Note that you will need to explore Argo's features a bit. In particular,
use the Inspector
Panel at lower left to examine
the sequences of features that you select by clicking on them, and the scores
associated with them. To identify some features you may like to resubmit
part of your BAC (you can use File/Export Sequence... to specify the coordinates) to GeneID and this time collect more detailed output.
- Submit your gene sequence to NCBI
BLAST. Under Database, choose
est_others.

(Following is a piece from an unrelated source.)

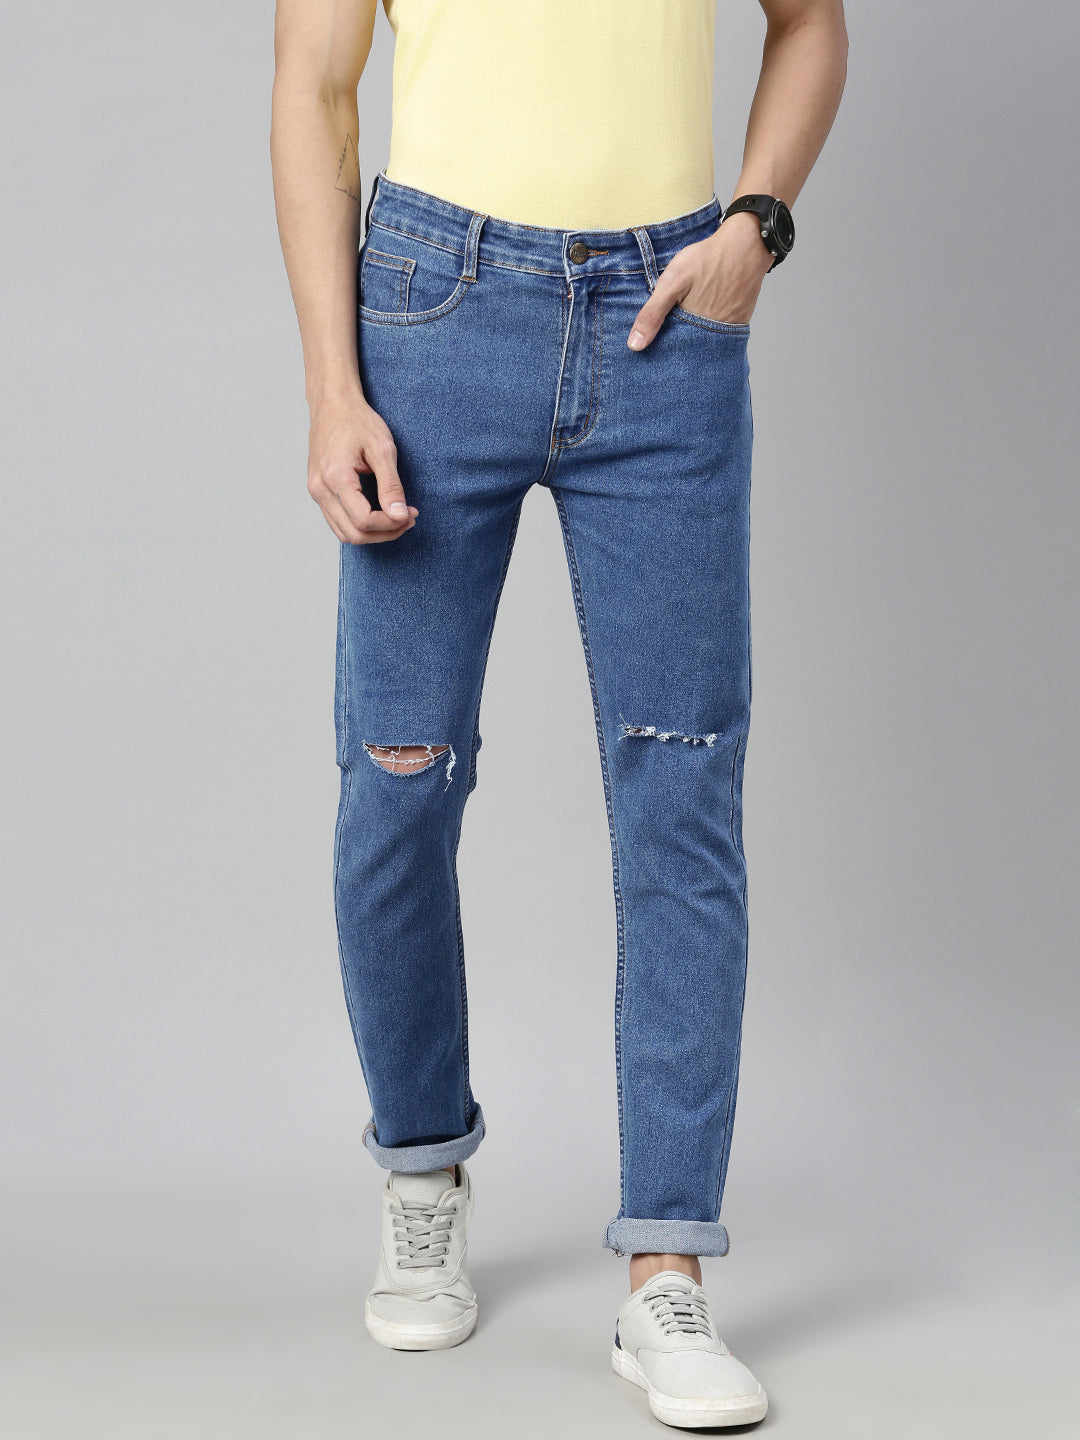 Urbano Fashion Men's Light Blue Slim Fit Knee Slit Distressed Jeans Stretchable

In the Options section below, you'll see the
first entry Limit by Entrez query...or select
from.... For the second box, select Arthropoda since we would like to limit
the search to other insects (if you're investigating a sorghum sequence, select Viridiplantae, and you might even wish to limit the search to individual species such as Zea mays). In the Format
section below that, uncheck Graphical Overview
and select Plain text format instead
of HTML.
- Now run the search, copy the output, trim as necessary as in step
4, save as text with suffix .bn.out,
and load into Argo. You'll be asked
to describe any evidence you find for conservation of your gene's structure
among arthropods. If you encounter the results of prior gene prediction
for your sequence (very
likely found in GenBank), you're welcome to cite it, but you may not use
it as evidence for your own predictions!